→ **TASK BRIEF**
With the exception of the pictures, transcribe the entire listing exactly.

→ **RAW DATA**
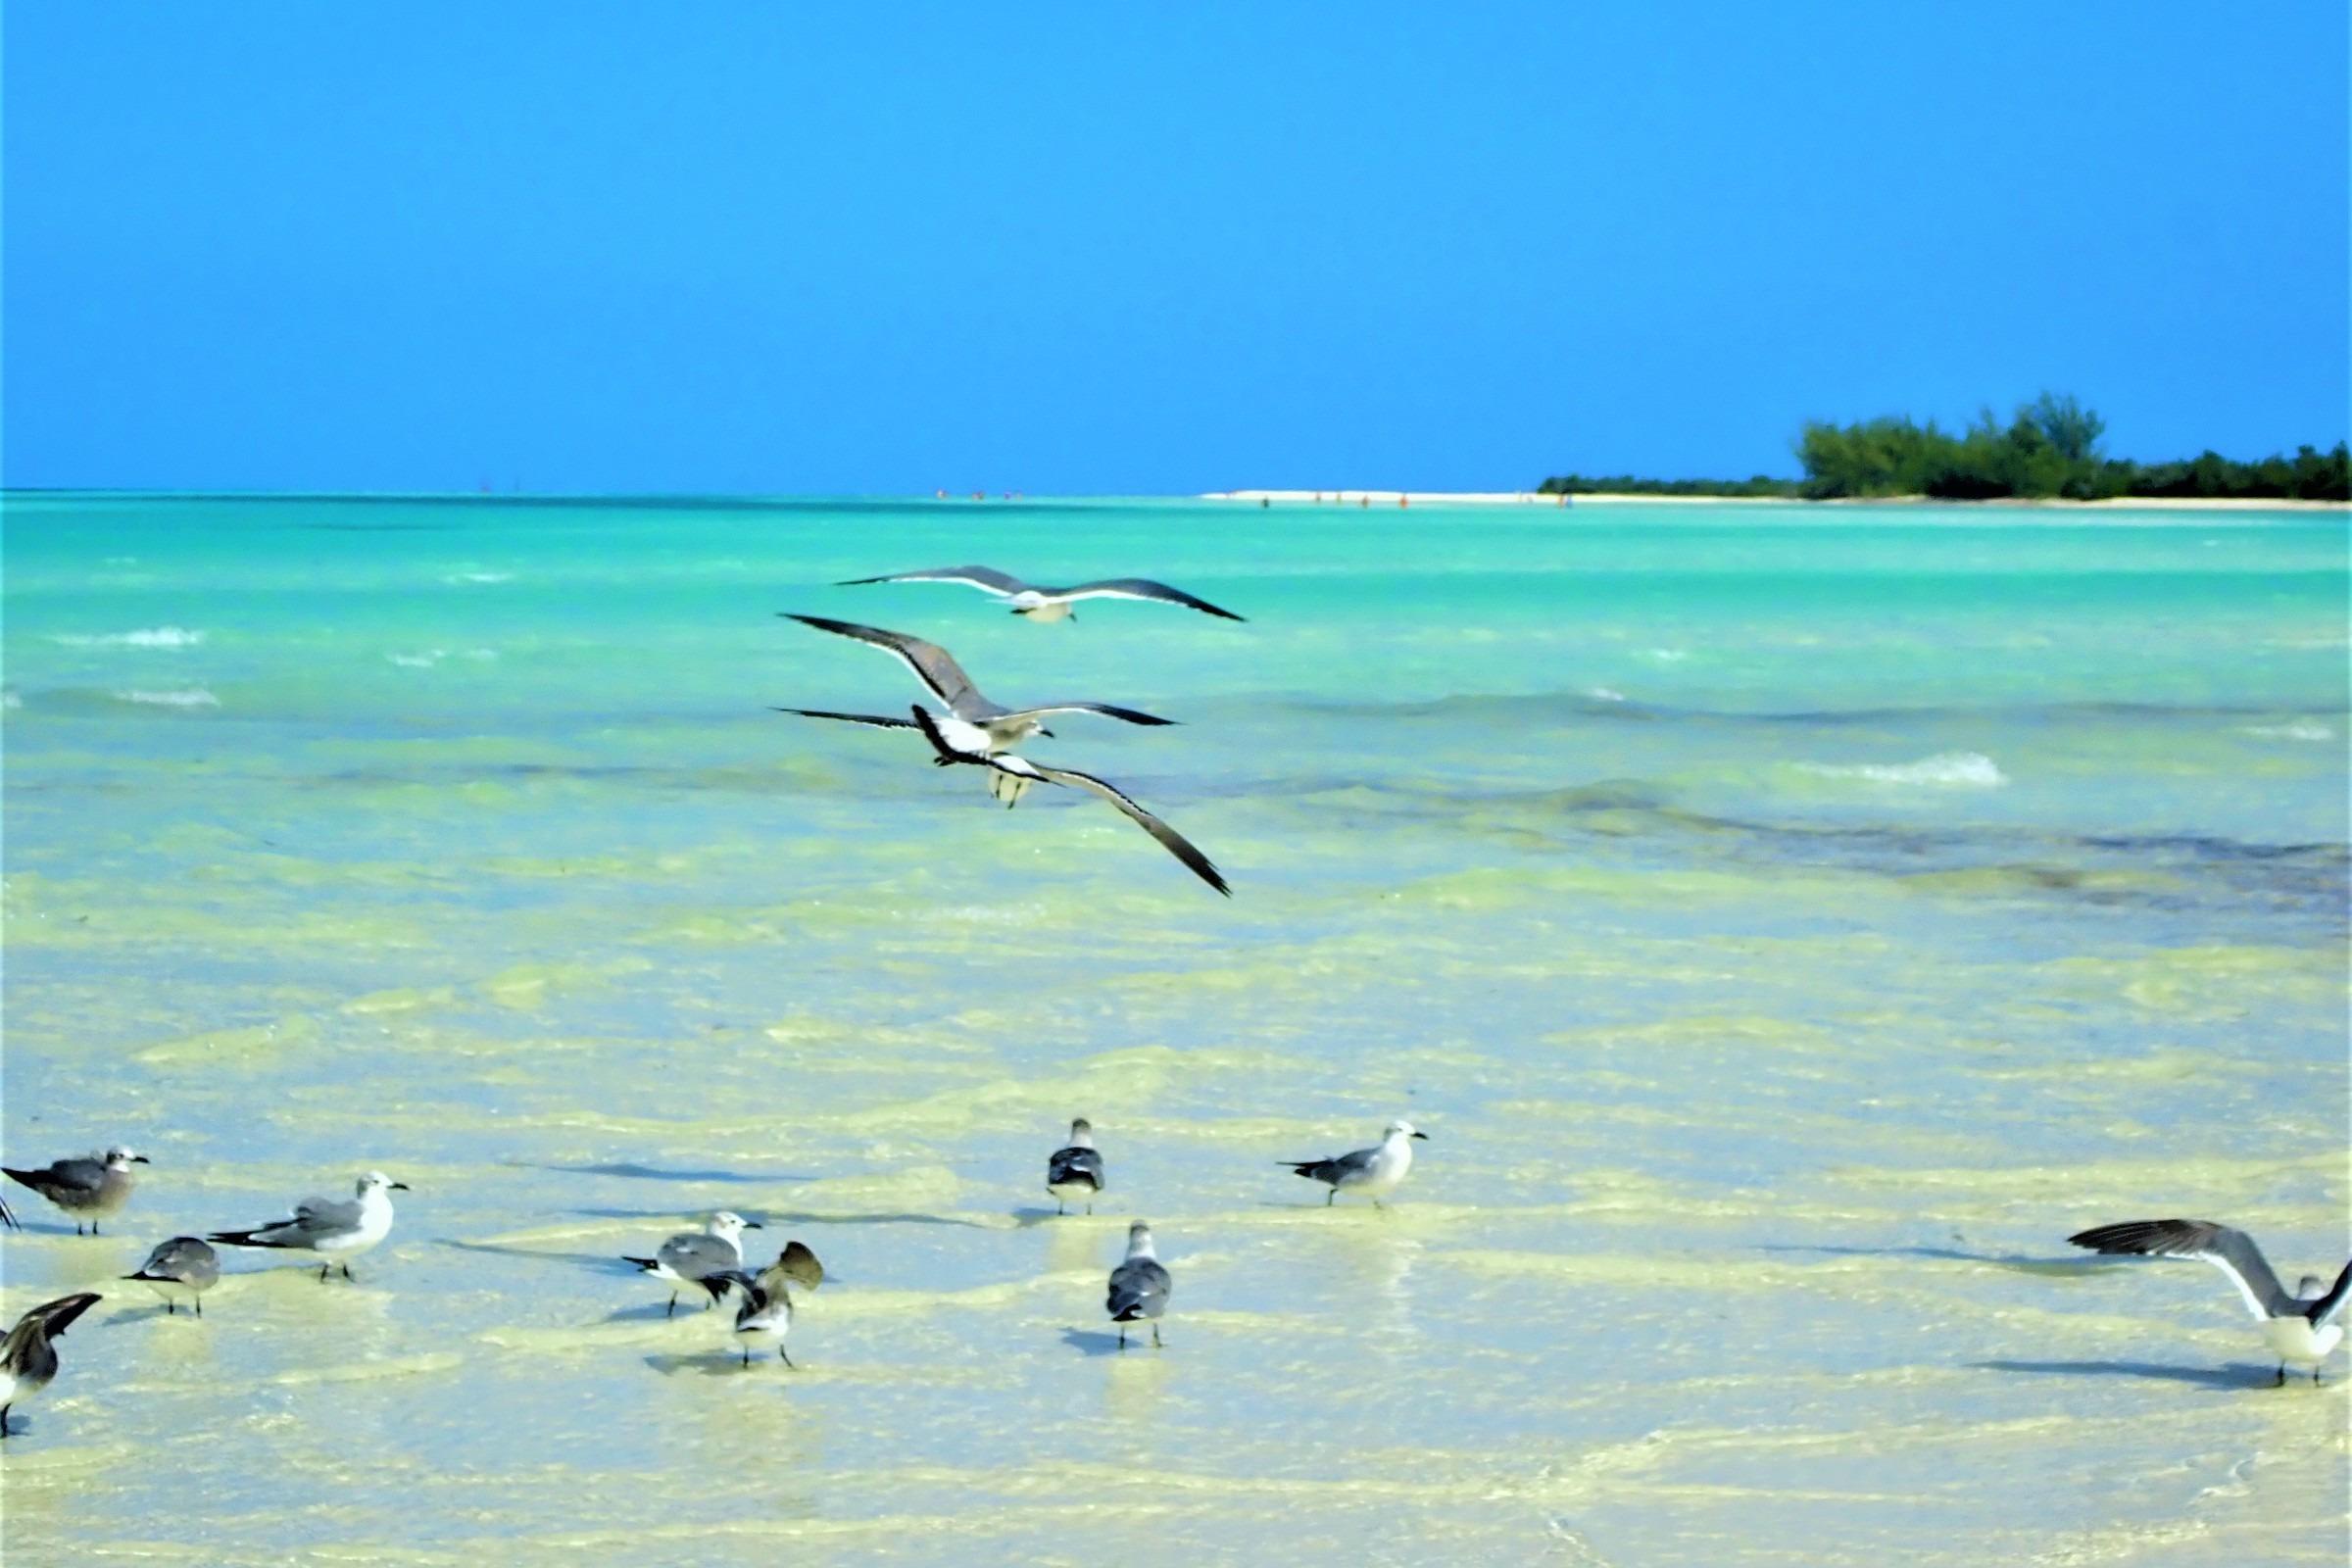 Cuba - A photo by Anastasia Amor
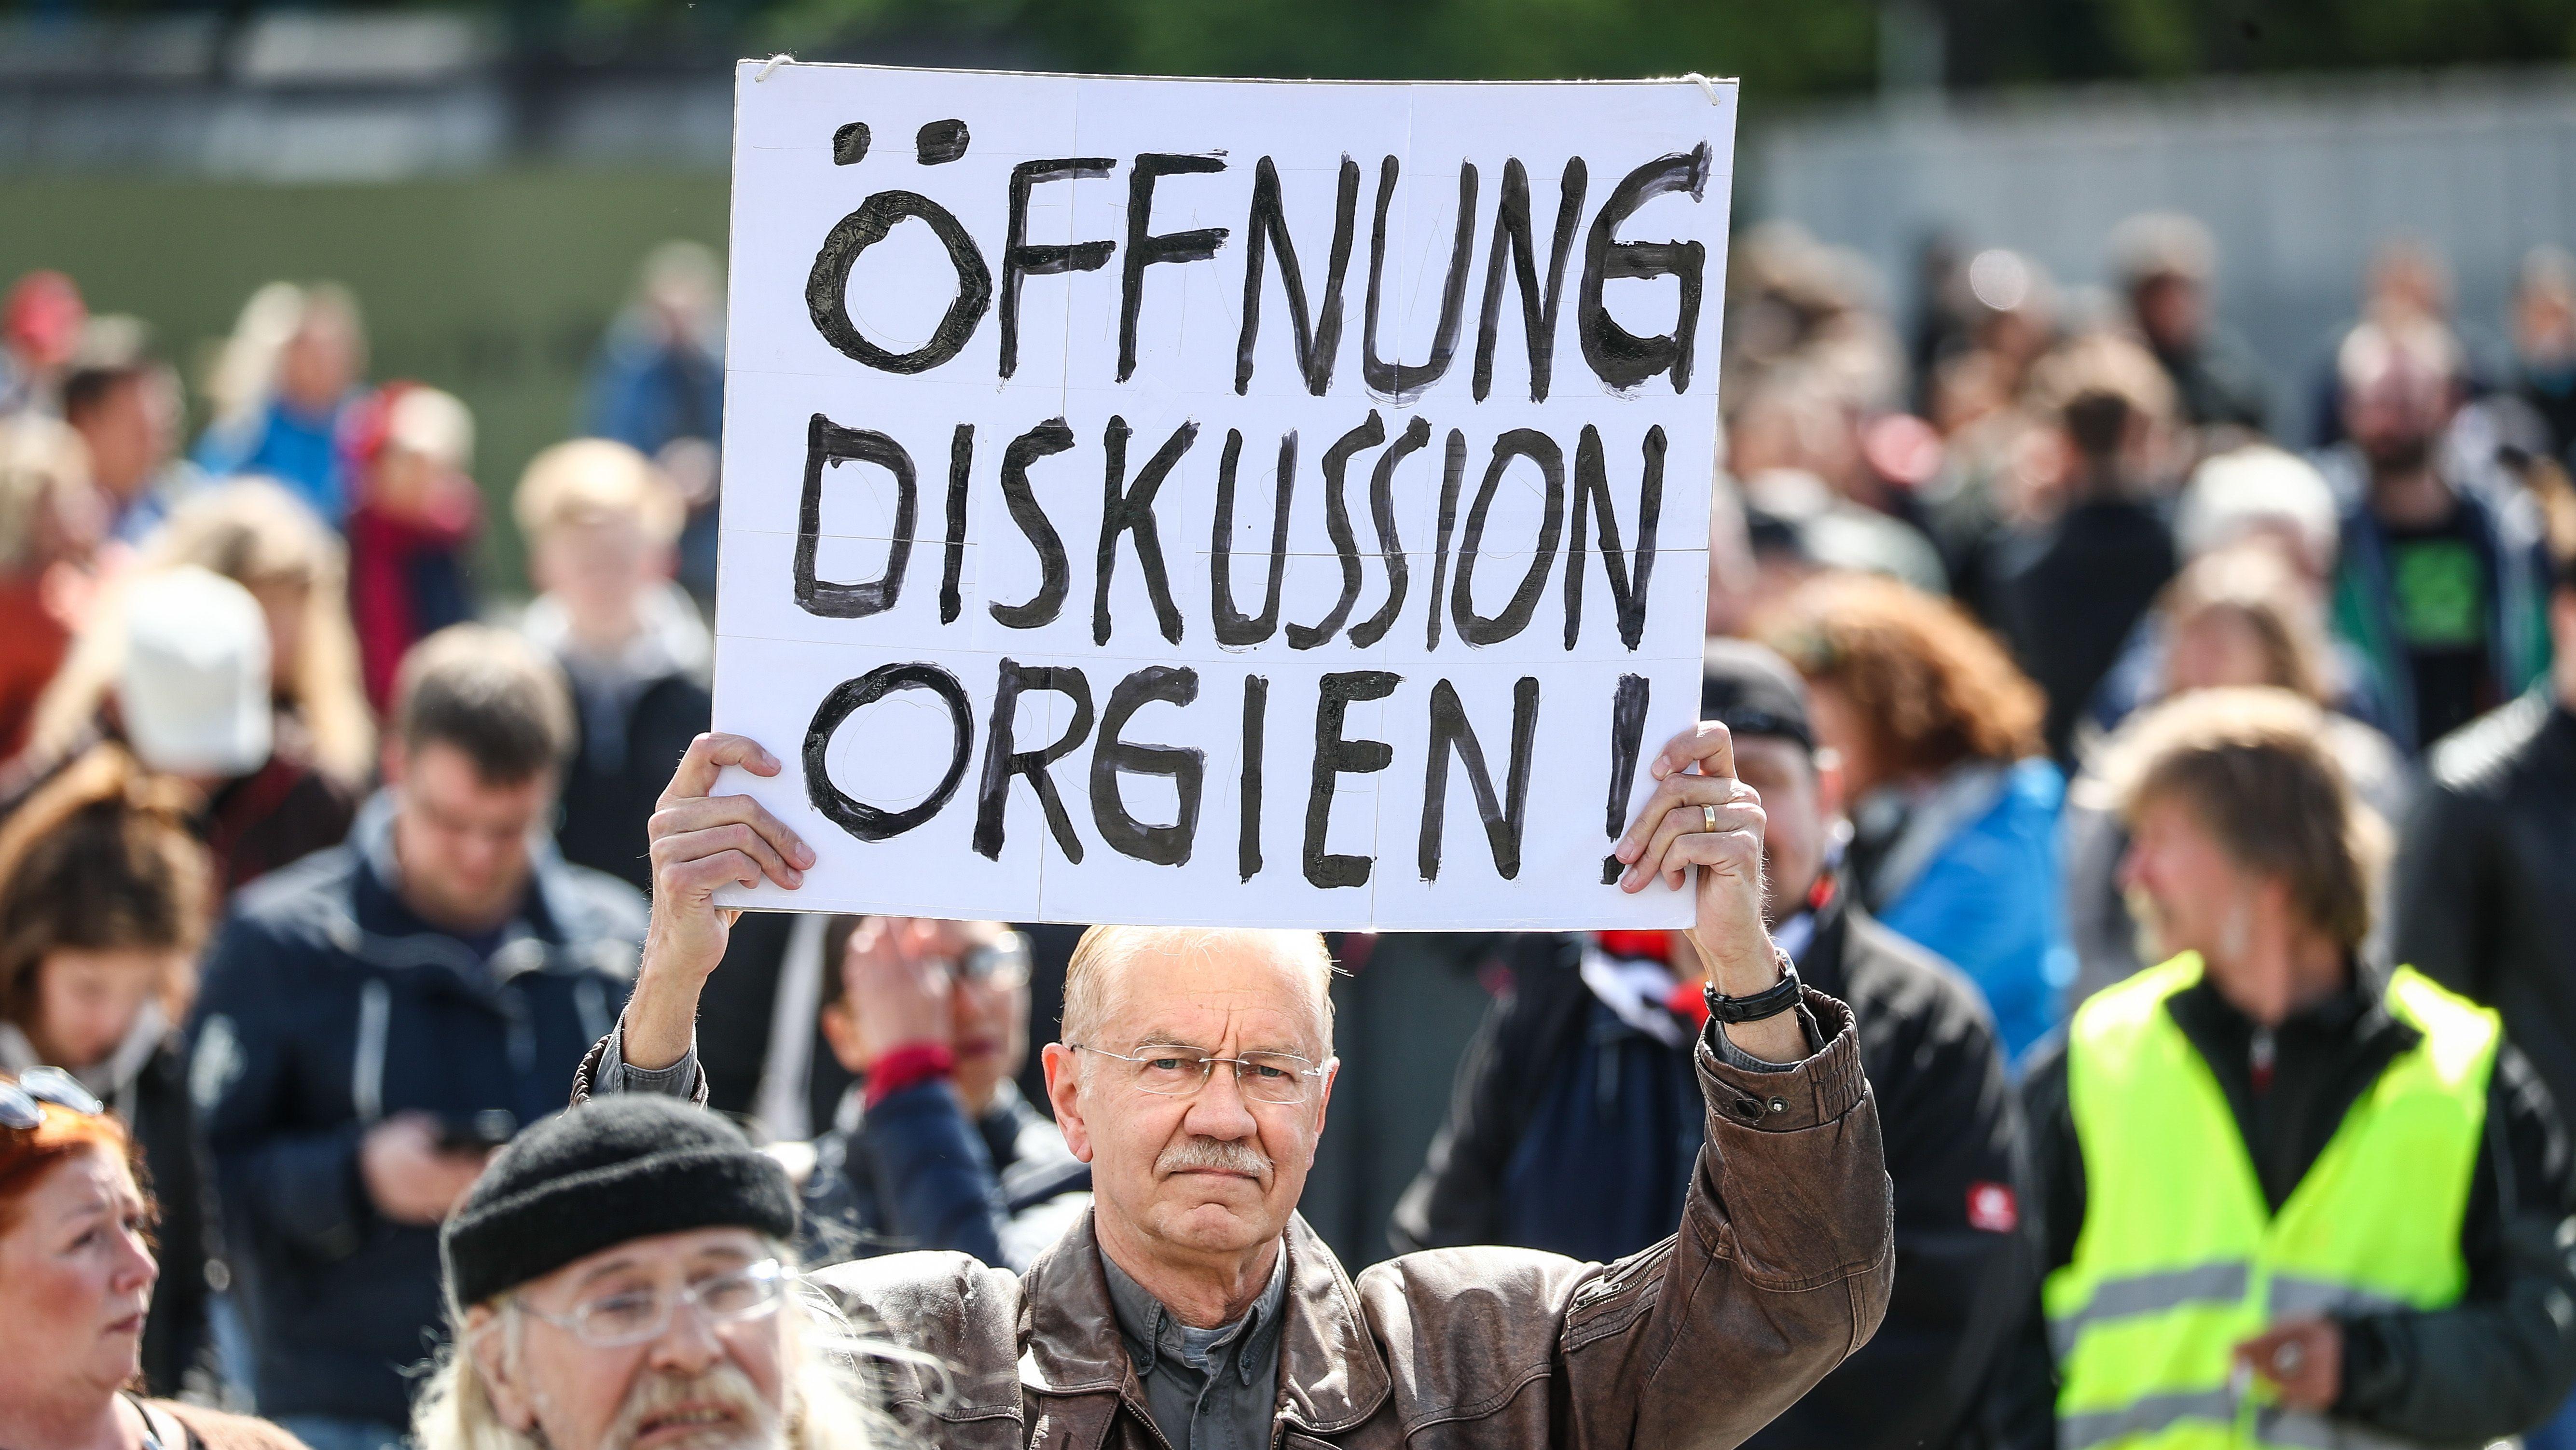 """""""Öffnung Diskussion Orgien!"""" steht auf dem Schild eines Teilnehmers einer Protestkundgebung in Stuttgart gegen die Corona-Beschränkungen."""
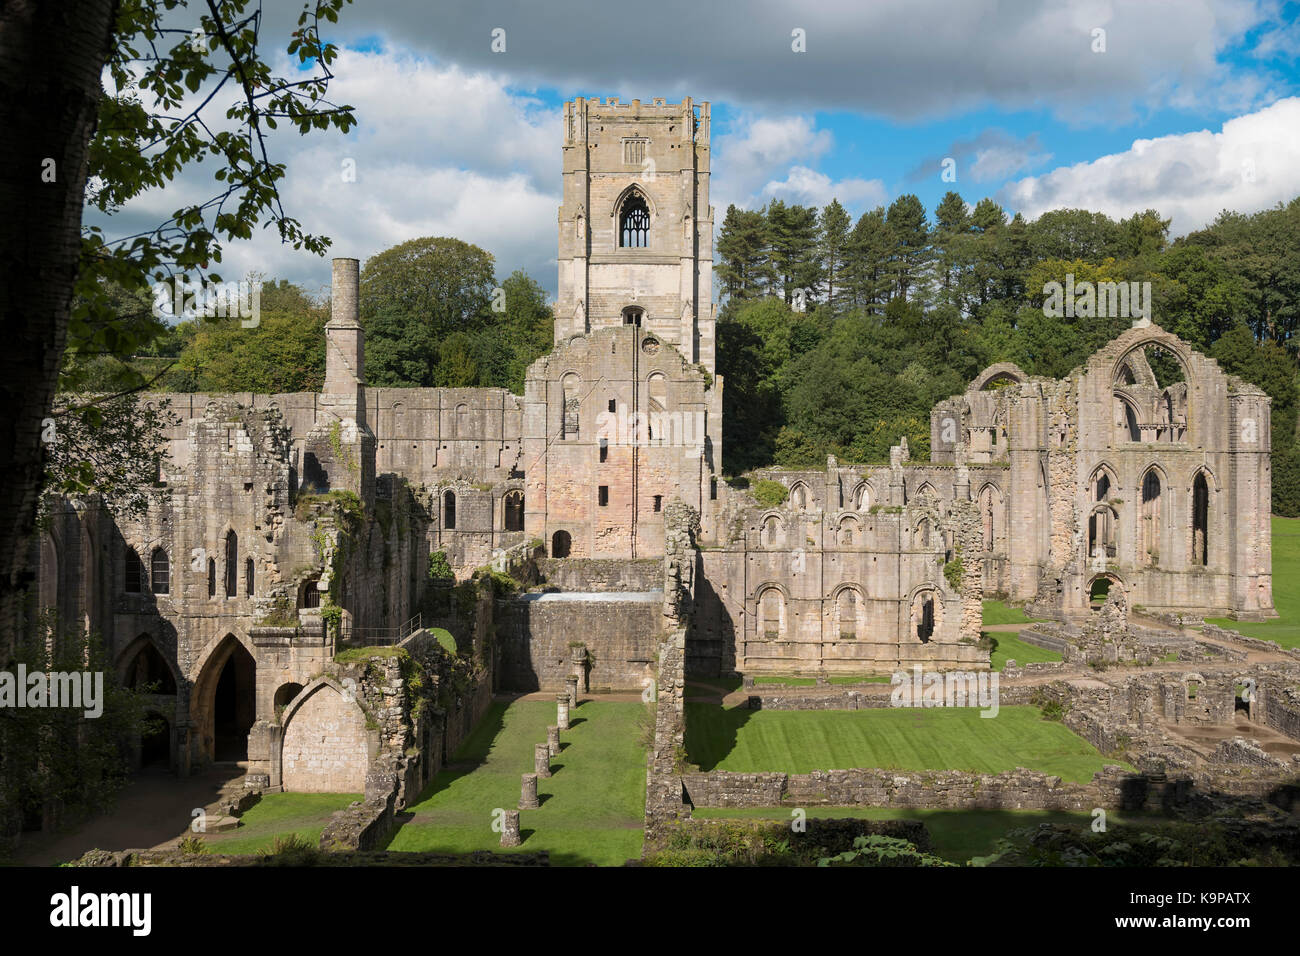 Fountains Abbey, nello Yorkshire, Regno Unito. Immagini Stock

→ **EXERCISE OUTPUT**
 Cuba - A photo by Anastasia Amor
 """""""Öffnung Diskussion Orgien!"""" steht auf dem Schild eines Teilnehmers einer Protestkundgebung in Stuttgart gegen die Corona-Beschränkungen."""
 Fountains Abbey, nello Yorkshire, Regno Unito. Immagini Stock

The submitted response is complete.